*** Data excerpt Section Begins ***
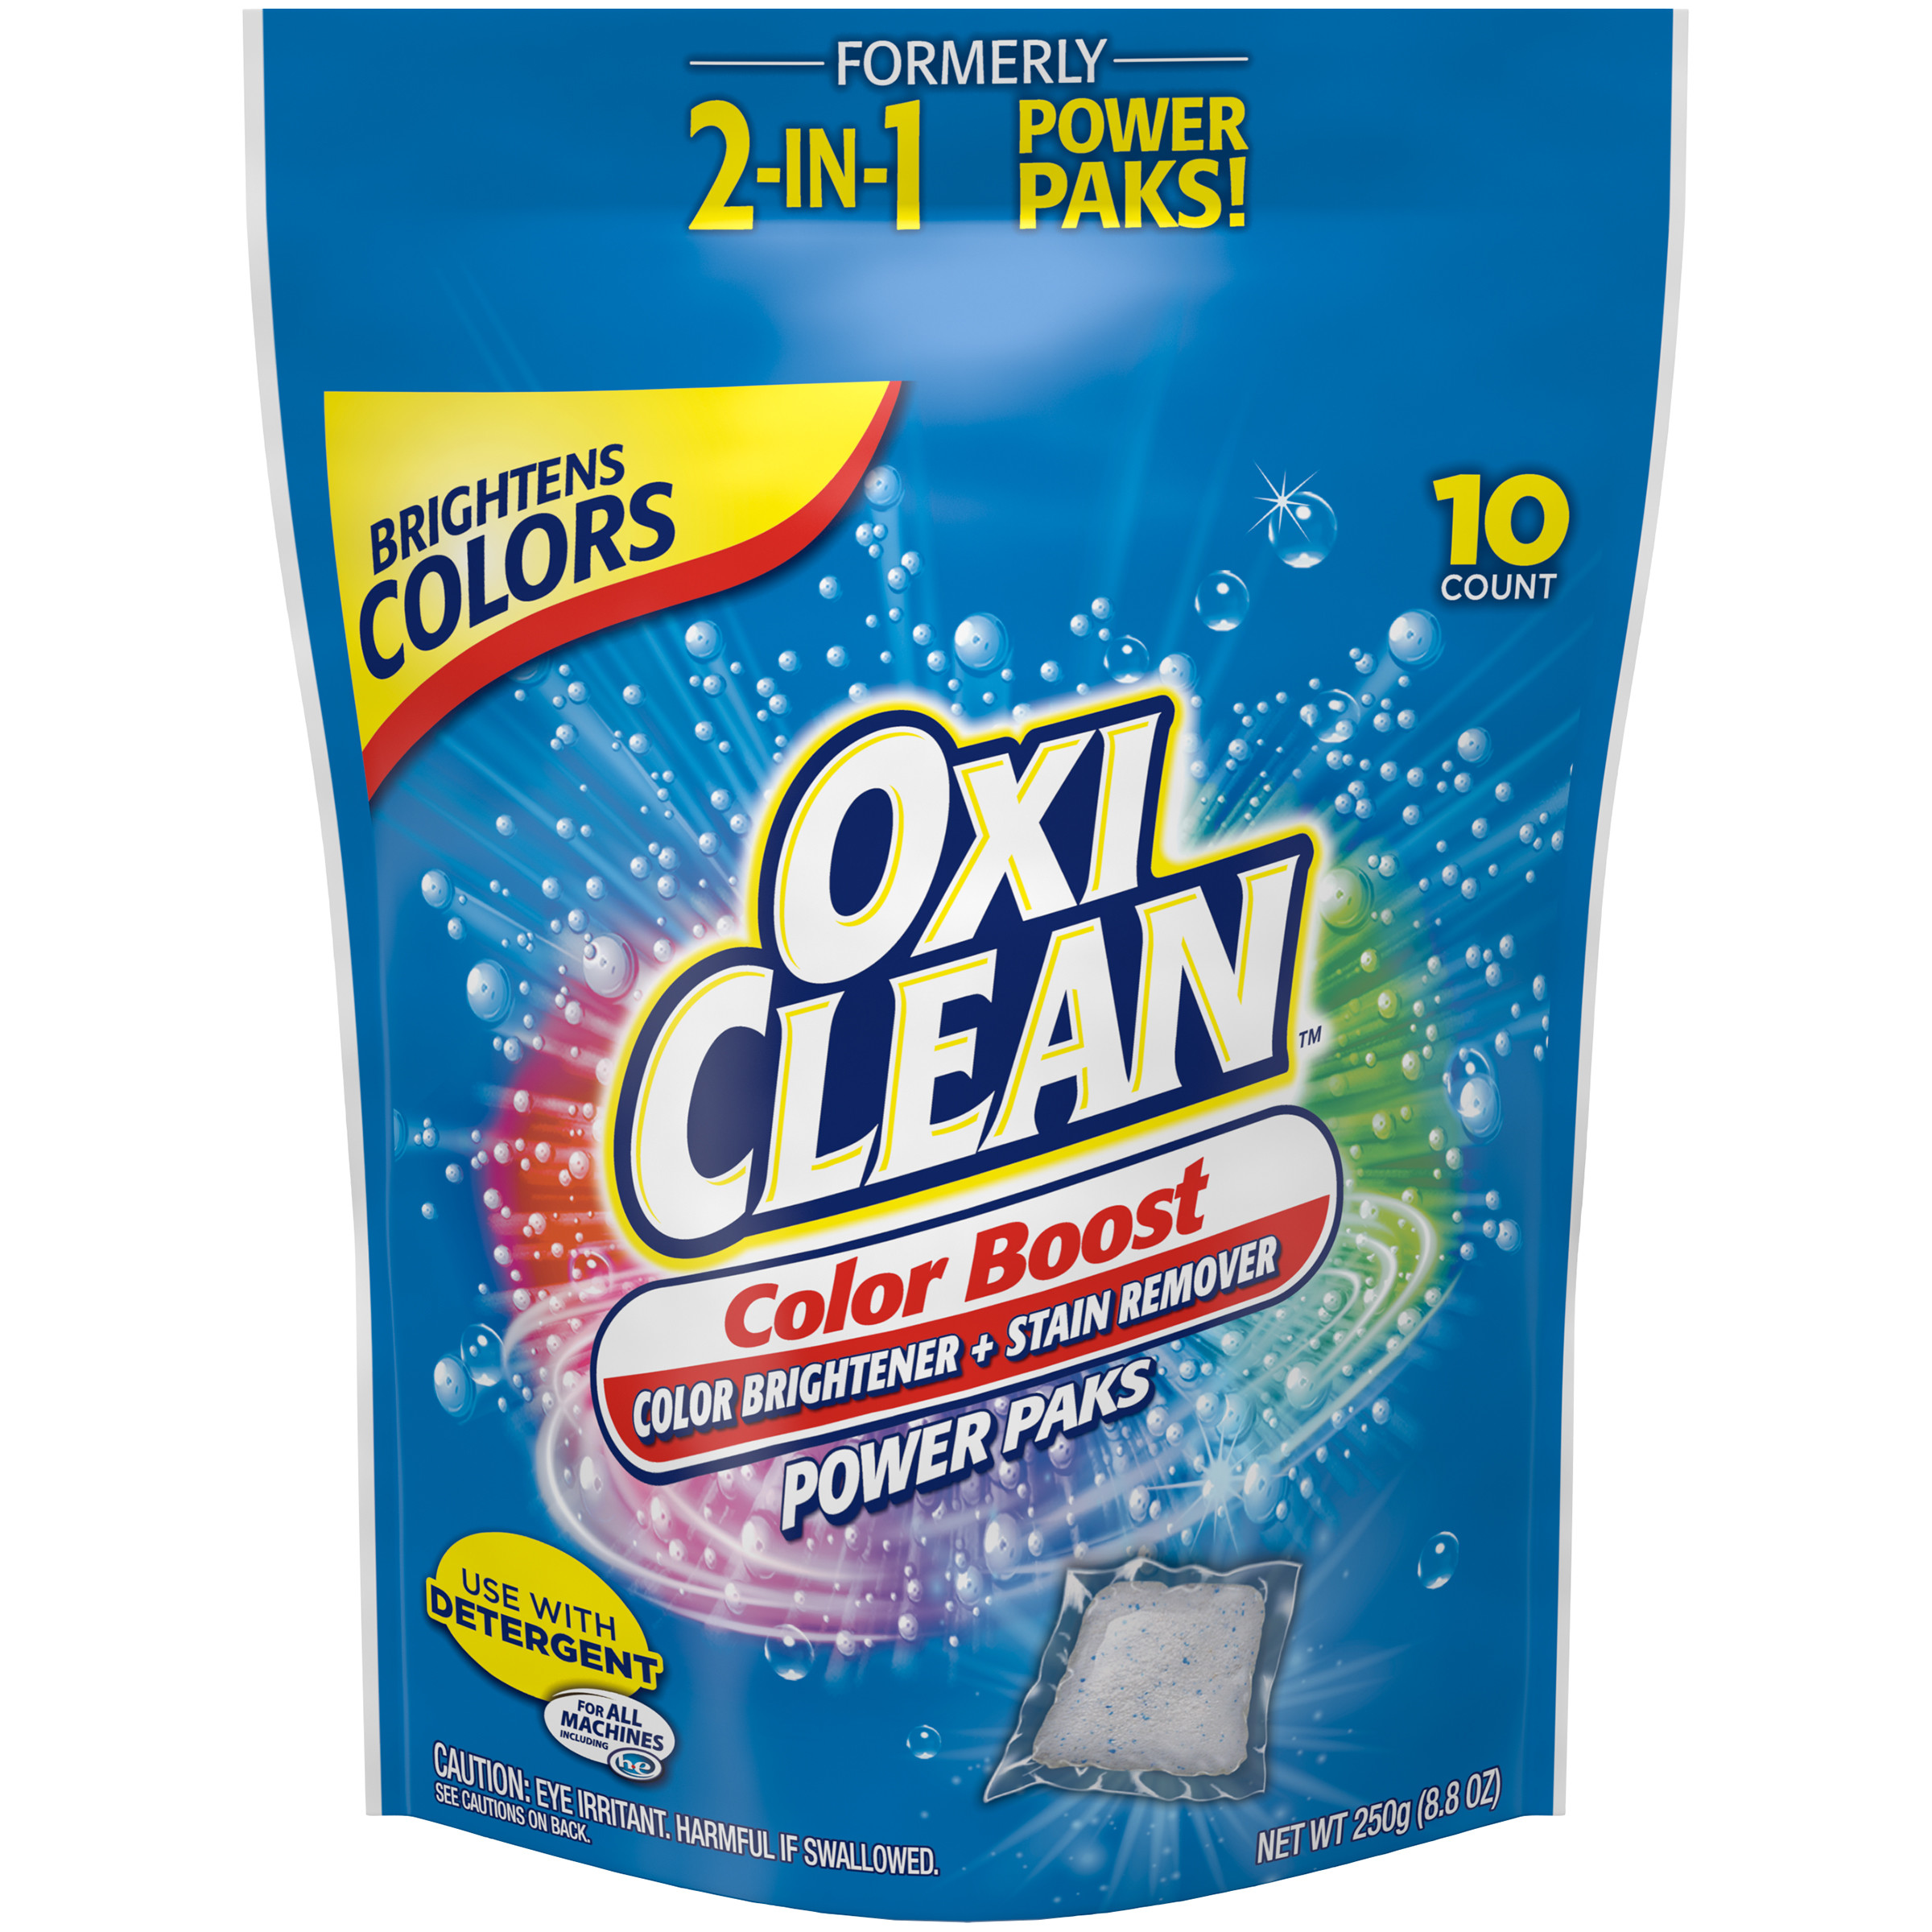 OxiClean Color Boost Color Brightener plus Stain Remover Power Paks, 10
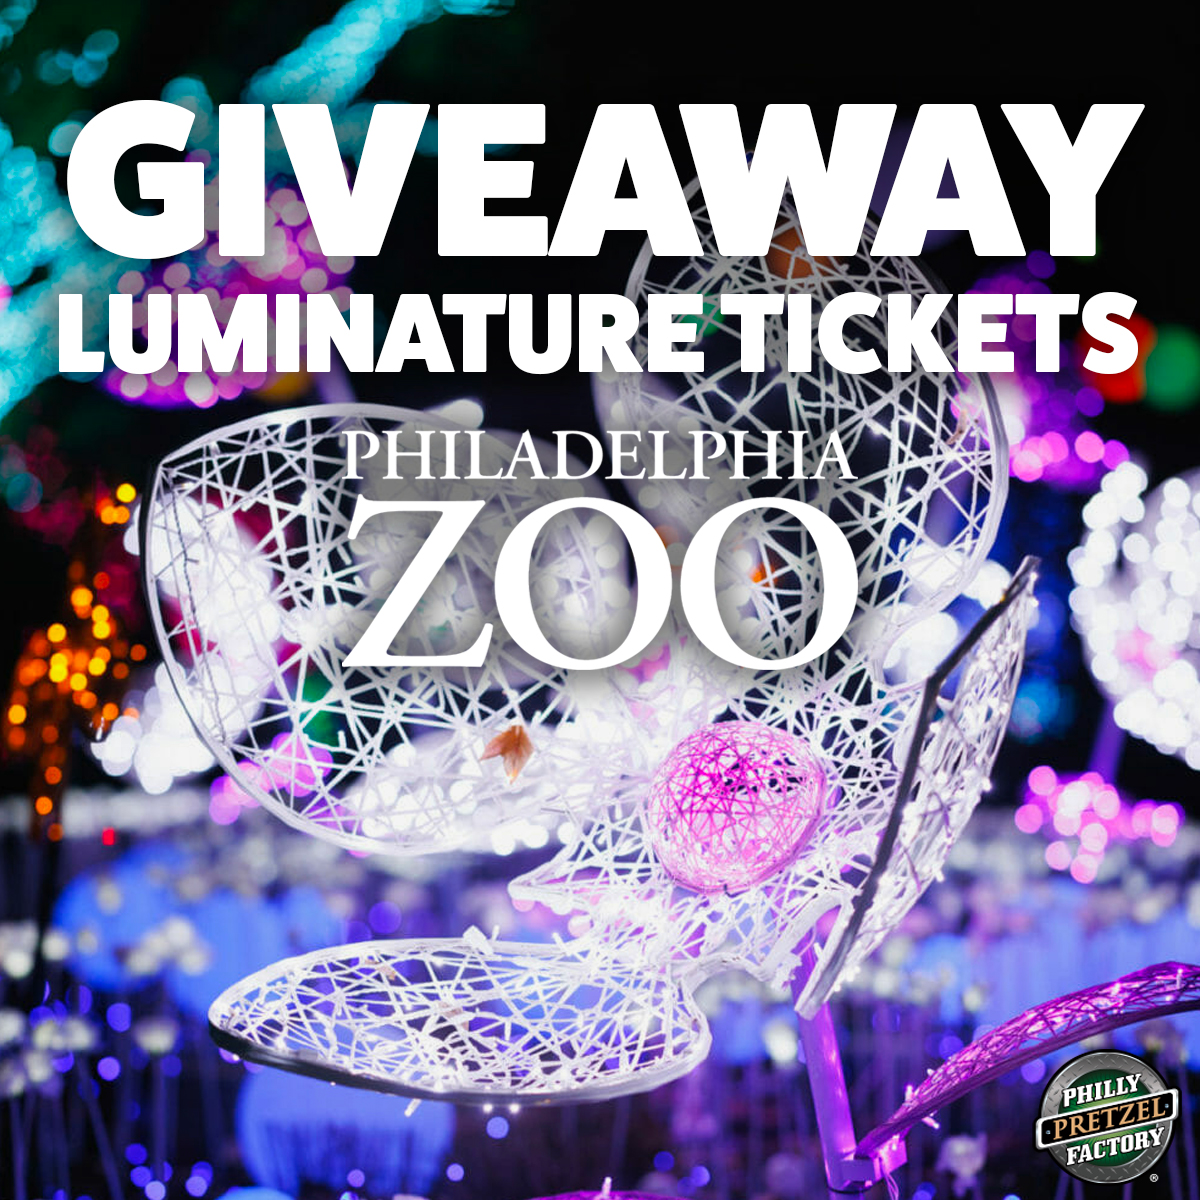 Giveaway Luminature Tickets
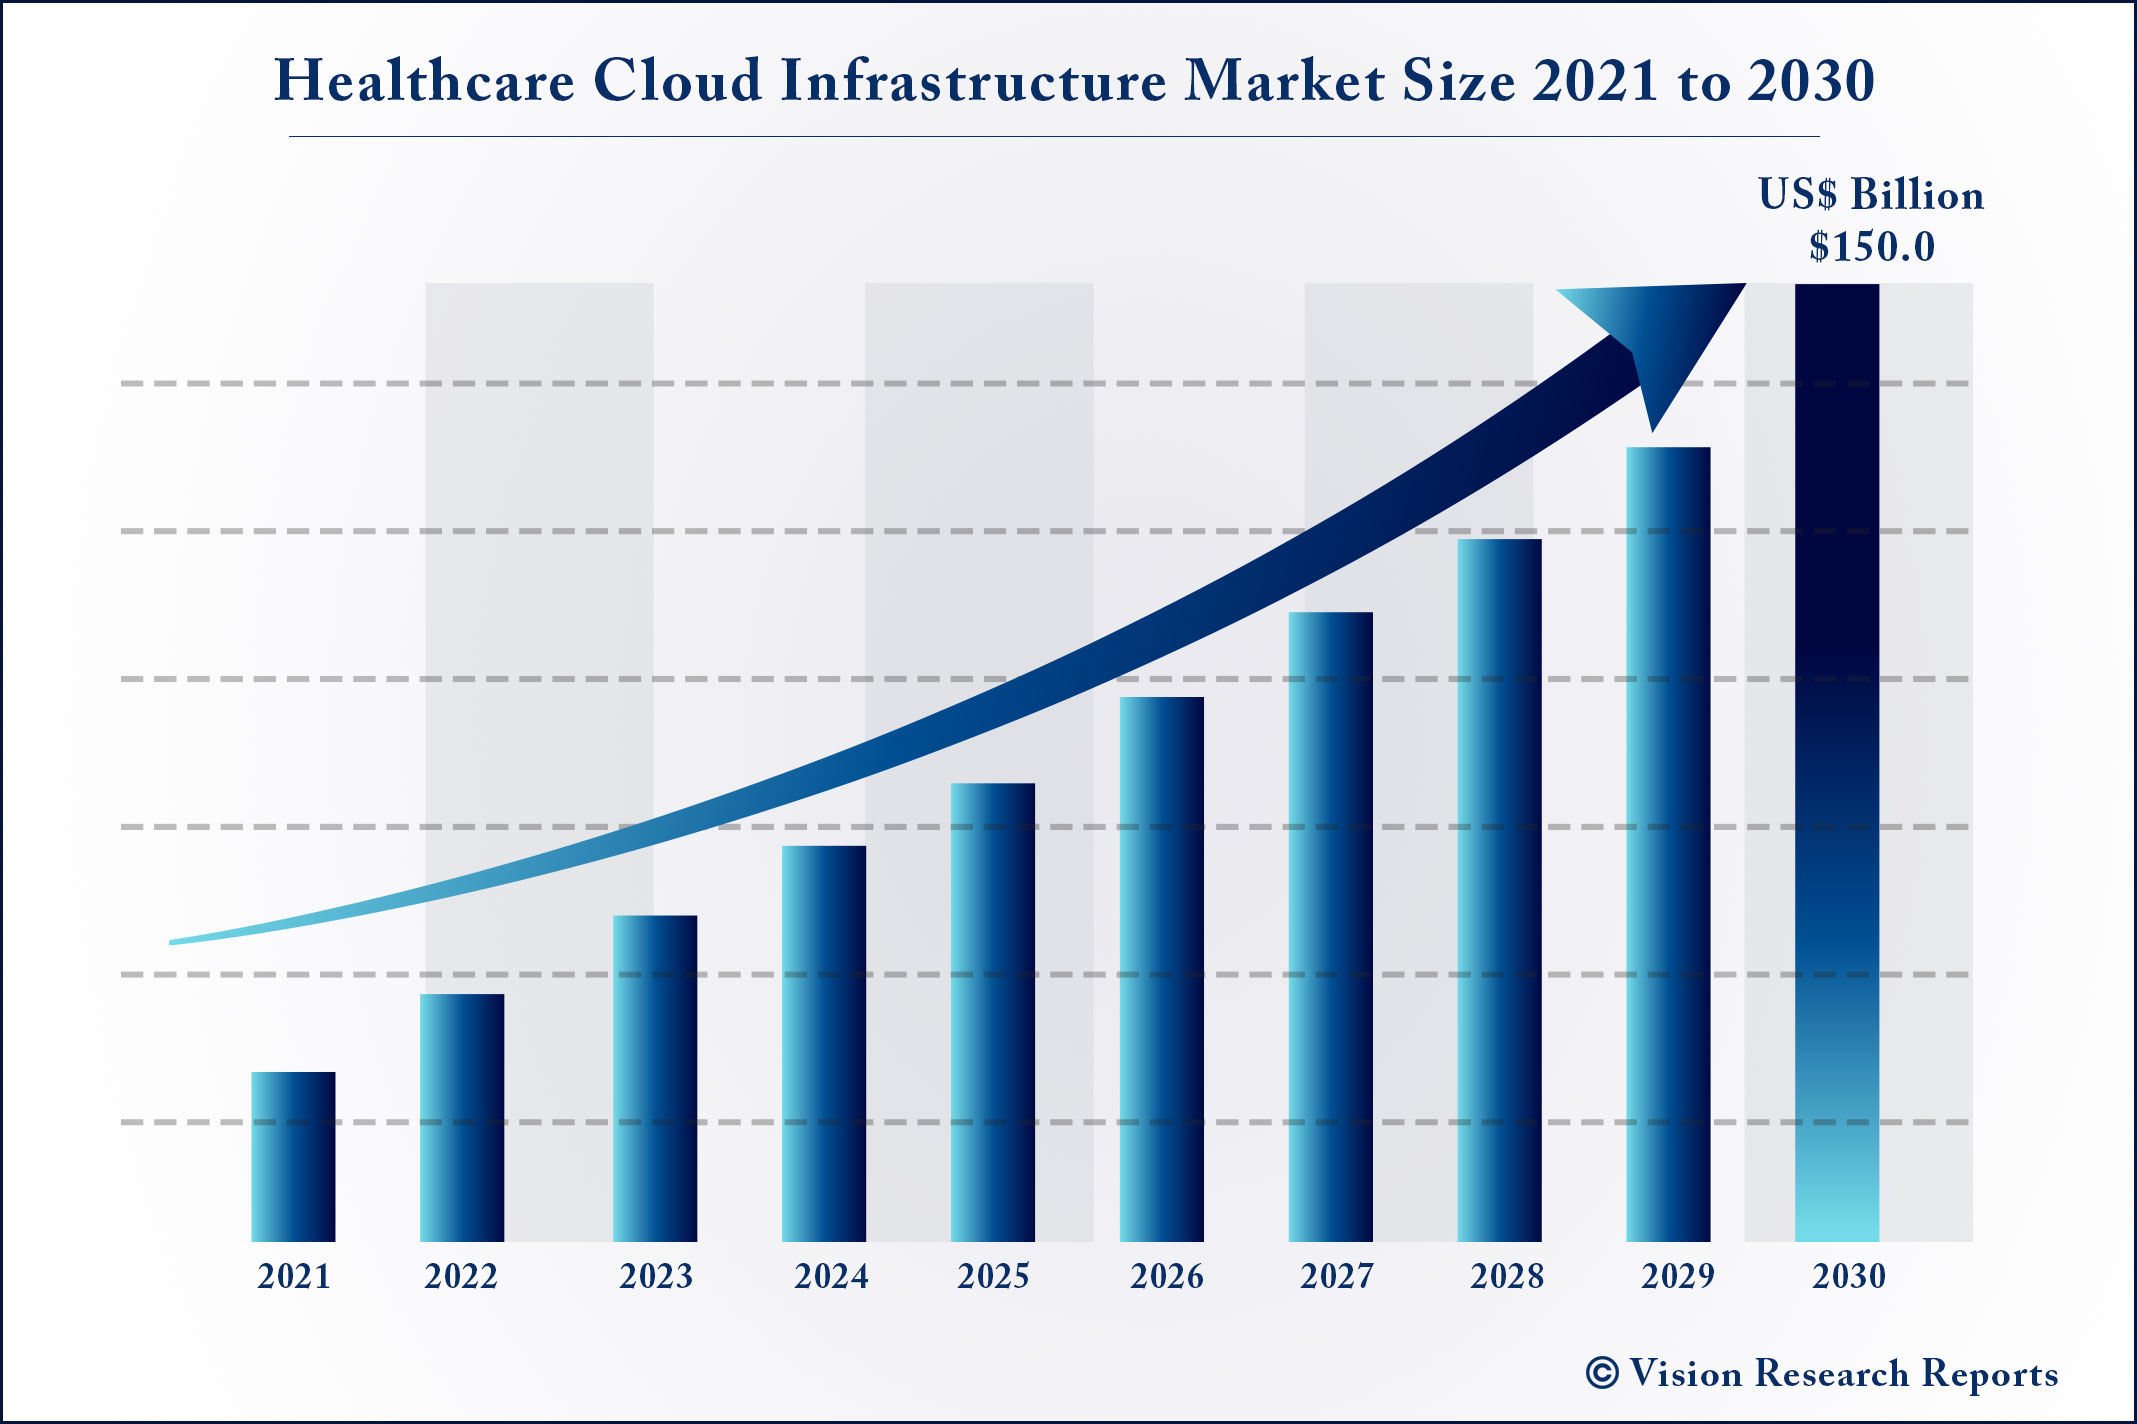 Healthcare Cloud Infrastructure Market Size 2021 to 2030
*** Data excerpt Section Ends ***
Work required:
In the listing, find the line with "Giveaway Luminature Tickets" and retype exactly from there through the last line, both included, leaving the pictures out.

Response box:
 Giveaway Luminature Tickets
 Healthcare Cloud Infrastructure Market Size 2021 to 2030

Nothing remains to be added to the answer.